Institutions  have also shifted in fifteen years. Parliament sometimes legislates ambitiously, but courts have consistently defended expression. since the early wins of the Constitution of Kenya 2010 in the case of  Jacqueline Okuta & Another V Attorney General & 2 Others [2017] Kehc 8382 (Klr)the high court by  holding that the criminalization of defamation unreasonably restricts expression and cannot be justified where civil remedies are sufficient and thus set the bar high on limitations to article ,33 and 34 of the constitution. That logic cuts through broadcast bans. Peaceful protest coverage is not an articulable threat.

Prior Restraint Is Still Unlawful

Fifteen years of COK 2010 confirm a baseline: prior restraint is unconstitutional. Expression cannot be silenced in advance unless it amounts to incitement or creates imminent harm. Coverage of peaceful or even contentious protests falls far short of that threshold.By imposing a blackout on June 25, 2025, CAK revived a doctrine the Constitution had buried. The directive echoes pre-2010 authoritarian controls. It violates the letter and spirit of Articles 33, 34, and 35.

Regulation as a Verb: The Road Ahead

Coglianese’s idea of regulation as a verb crystallises what Kenya has learned in fifteen years. Enforcement of expression must be continuous and context-sensitive.

  • World changes: protest and crisis demand proportionate responses, not blanket bans.
  • Human behavior: speech migrates to digital platforms; enforcement must adjust without criminalising participation.
  • Knowledge: courts recognise pluralism as essential; regulators must respect that.
  • Tools: outdated codes and unconstitutional statutes cannot be relied on.
  • Institutions: courts will continue to check executive overreach.

Dynamic enforcement means using lawful, narrowly tailored measures to address real harms, while leaving space for dissent and debate.

Conclusion: A Living Promise

Fifteen years after COK 2010, freedom of expression is both secure and embattled. Courts have affirmed it in judgments striking down shutdowns, rejecting vague laws, and insisting on pluralism. Regulators, however, have too often treated it as negotiable.

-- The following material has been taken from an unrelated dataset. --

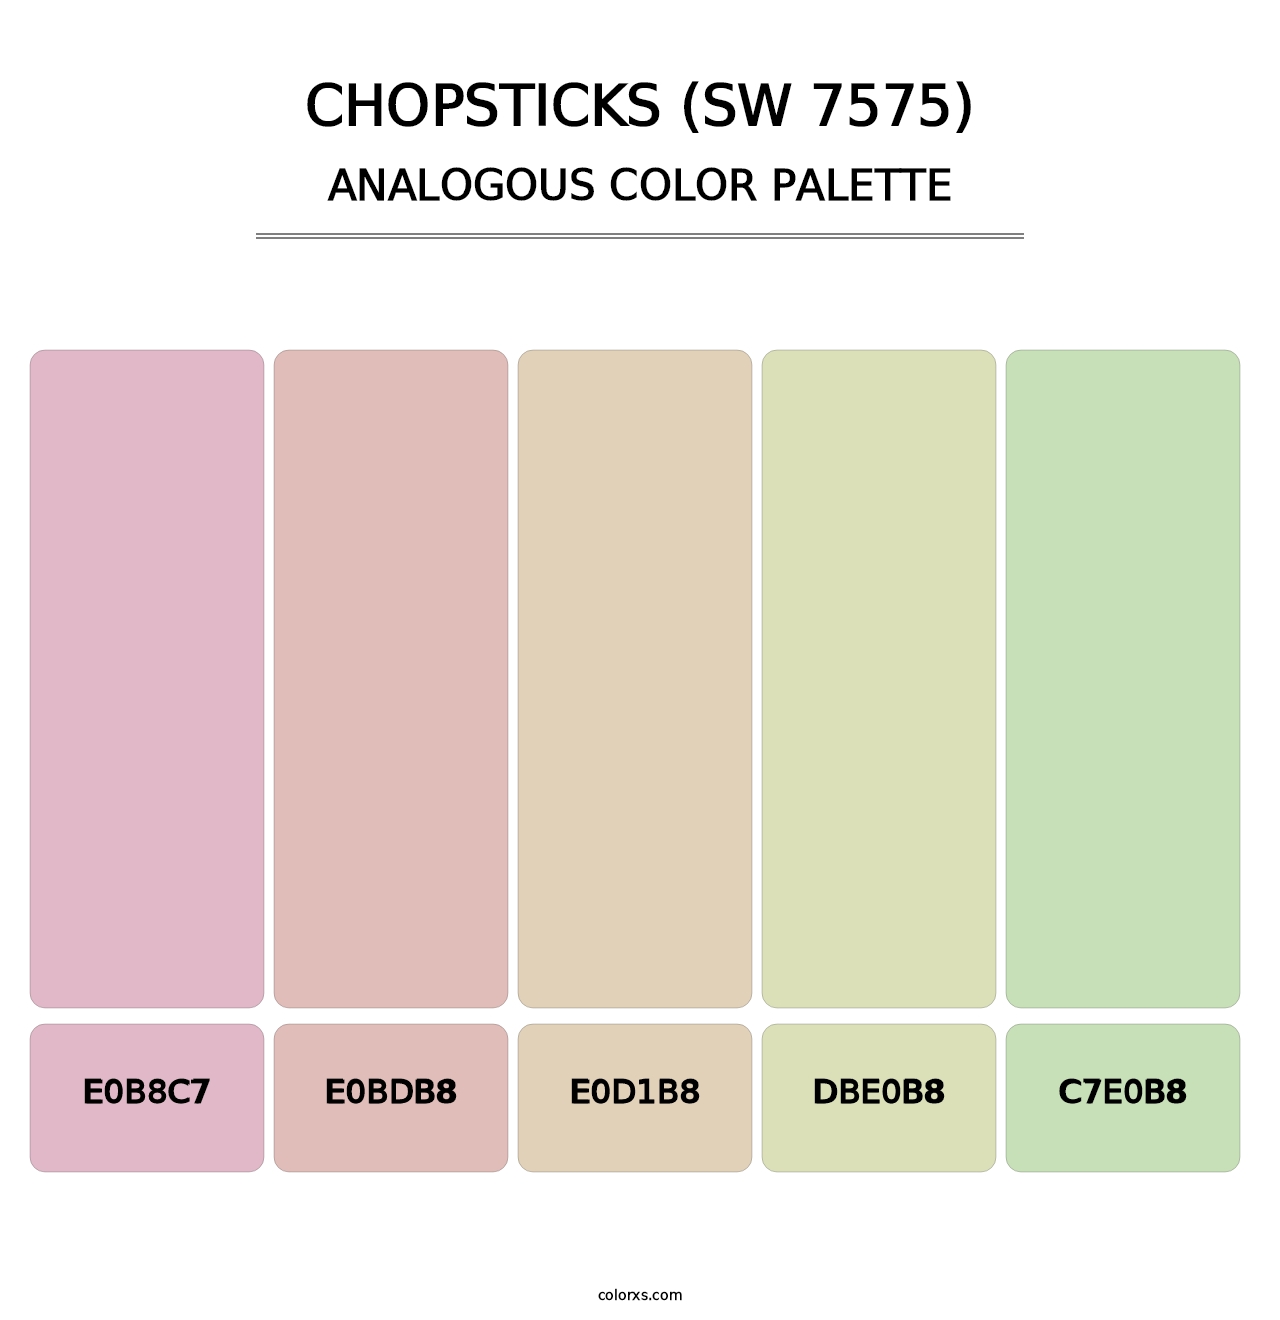 Chopsticks (SW 7575) - Analogous Color Palette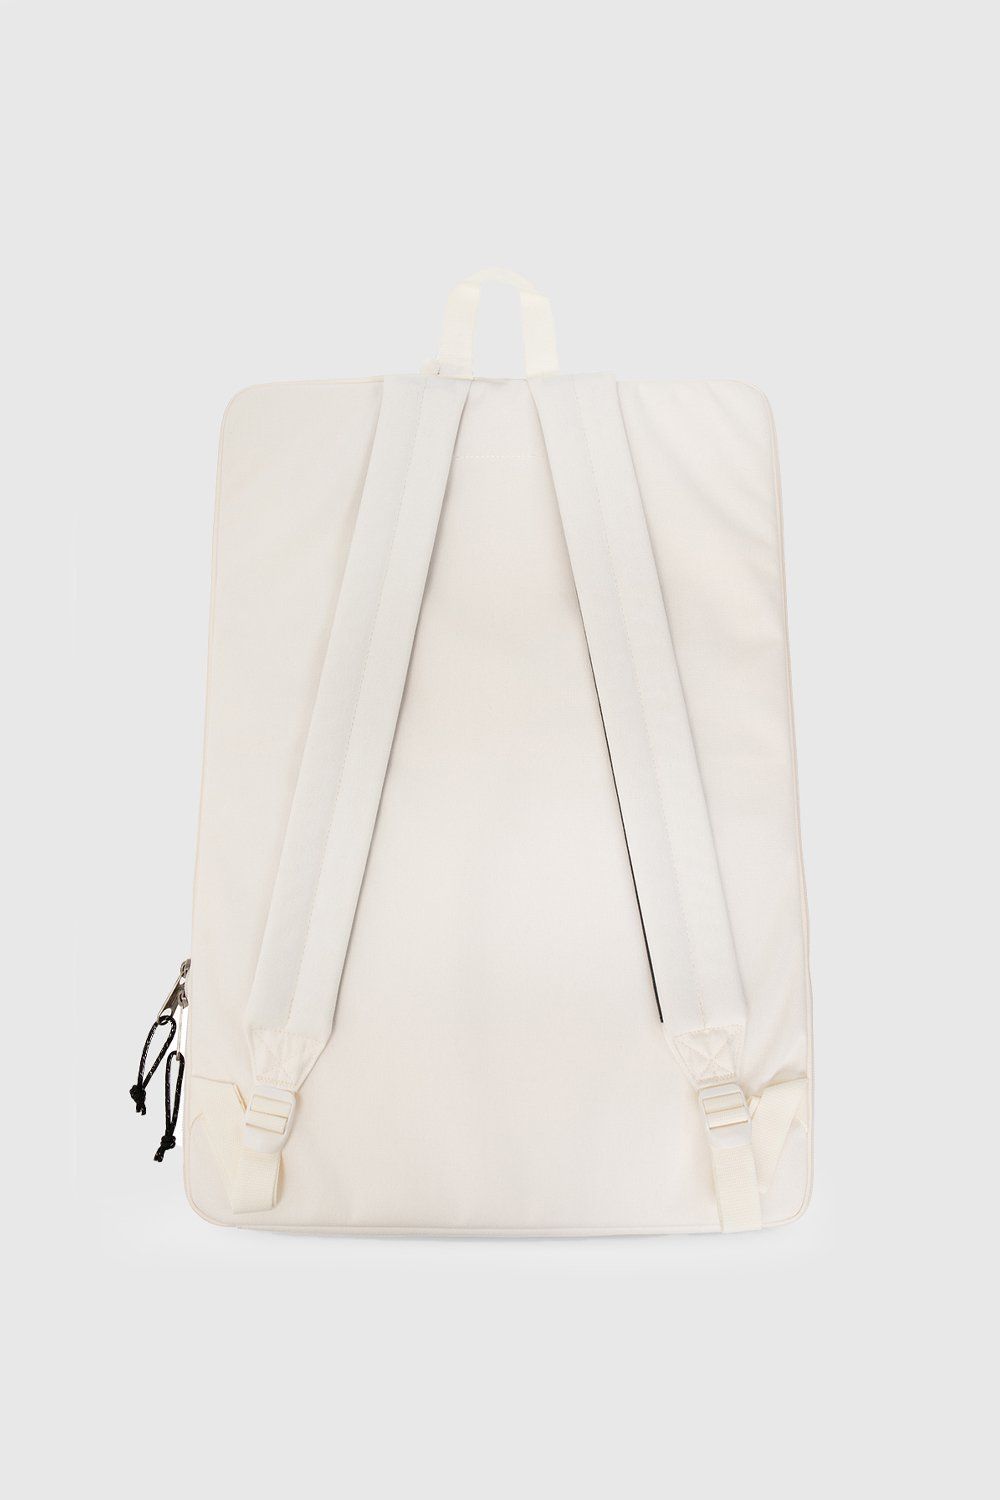 MM6 Maison Margiela x Eastpak – Zaino Backpack Whisper White - Backpacks - White - Image 3

The June 25 blackout is a reminder: the promise of 2010 survives only if enforcement is vigilant and adaptive. As Mwita J. put it in 2018, “there is no justification” for silencing oppositional voices. That sentiment remains the benchmark.COK 2010 was never meant to be self-executing. It requires regulators who act with restraint and courts who enforce with clarity. Freedom of expression is not a one-time guarantee but a living process, always in need of protection. Fifteen years on, the Constitution still speaks. The task is to keep listening, and to keep it alive.